Sentebale, however, told CNN in a statement that, although “some members of the executive have had sight of a letter that was signed on behalf of the trustees,” there had been no resignation letter from the patrons.

In another interview, published Saturday, Chandauka said Prince Harry and Prince Seeiso “want to force a failure and then come to the rescue” of the organization.

While the specifics of the row are not clear, Chandauka told the Financial Times there had been friction between the charity’s UK-based staff and those in Lesotho and Botswana.

This, she said, was triggered by her efforts to transform the charity and shift decision-making to leaders in southern Africa.

Prince Harry said he was “in shock” after deciding to quit the charity, which he set up in 2006 to help young people with HIV and AIDS in Lesotho and Botswana. The Duke of Sussex co-founded Sentebale in honor of his mother, Princess Diana, nine years after she was killed in a Paris car crash.

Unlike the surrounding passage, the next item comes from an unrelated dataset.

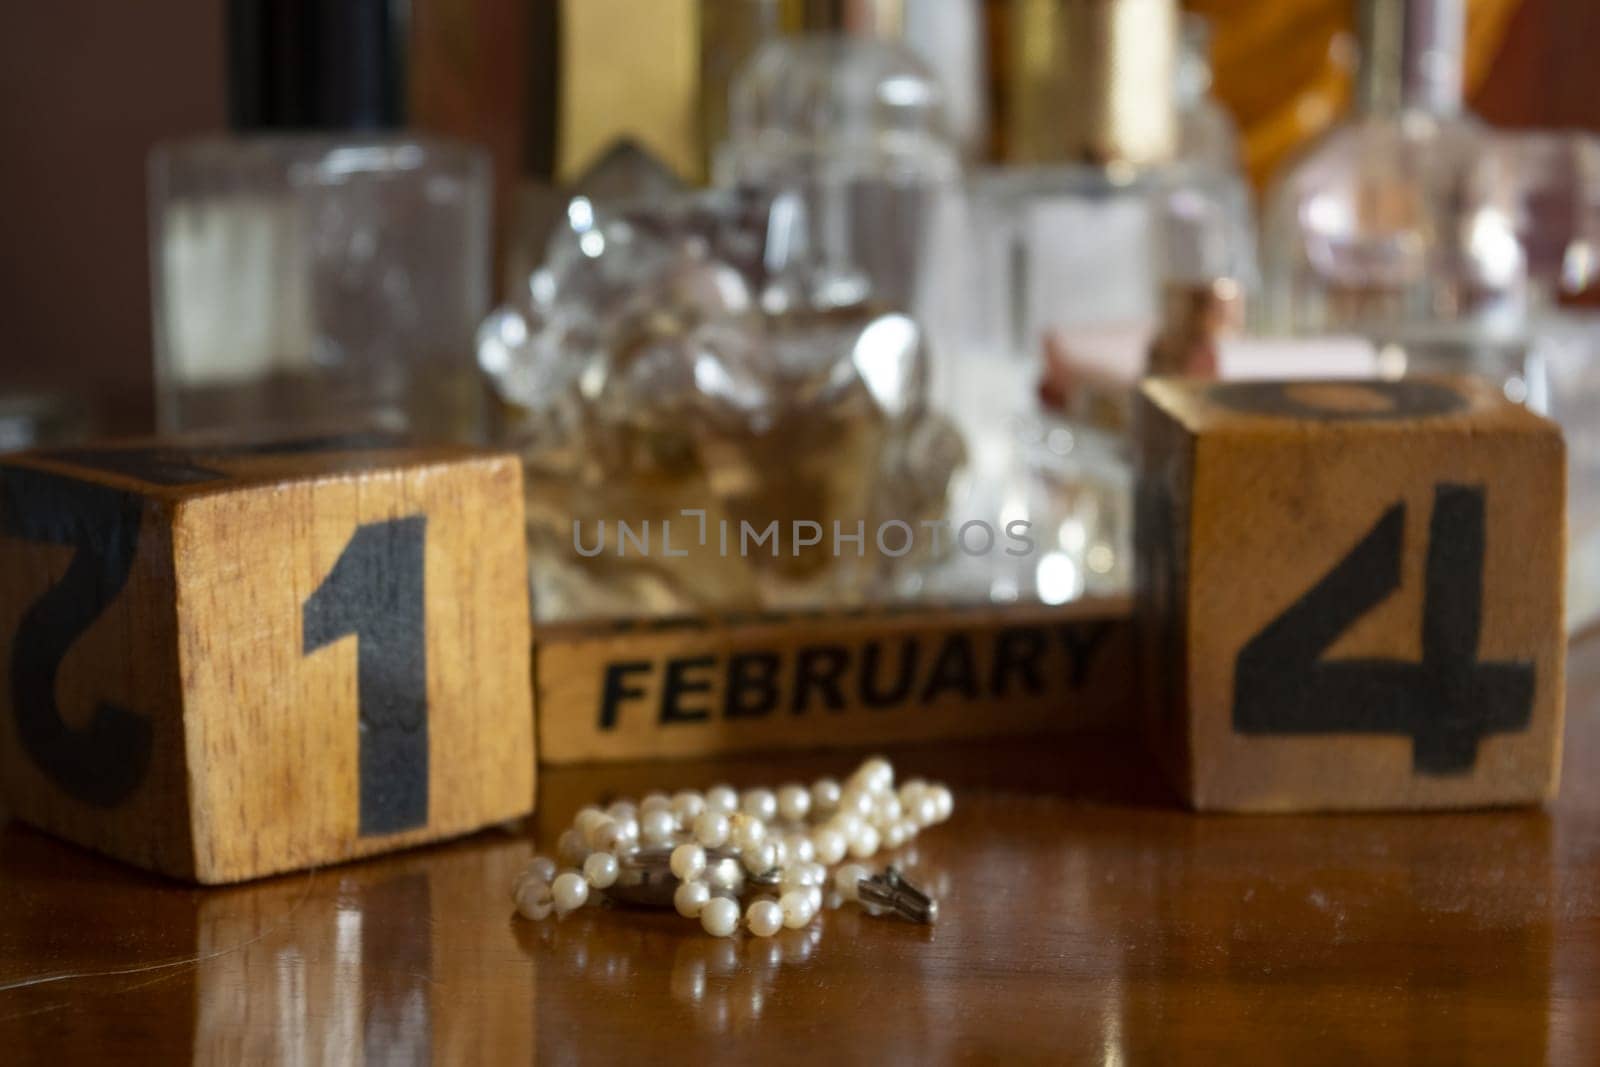 Valentine's Day represented through wooden cubes among perfume bottles

In a joint statement with his co-founder, Prince Harry said Wednesday that it was “with heavy hearts” that they had resigned from their roles “until further notice.”

In her own statement earlier this week, Chandauka appeared to take a swipe at the 40-year-old royal for “playing the victim card.”

“Everything I do at Sentebale is in pursuit of the integrity of the organisation, its mission and the young people we serve,” she said in the statement reported by Britain’s PA Media news agency.

She went on to describe the situation as “the story of a woman who dared to blow the whistle about issues of poor governance, weak executive management, abuse of power, bullying, harassment, misogyny, misogynoir – and the coverup that ensued.”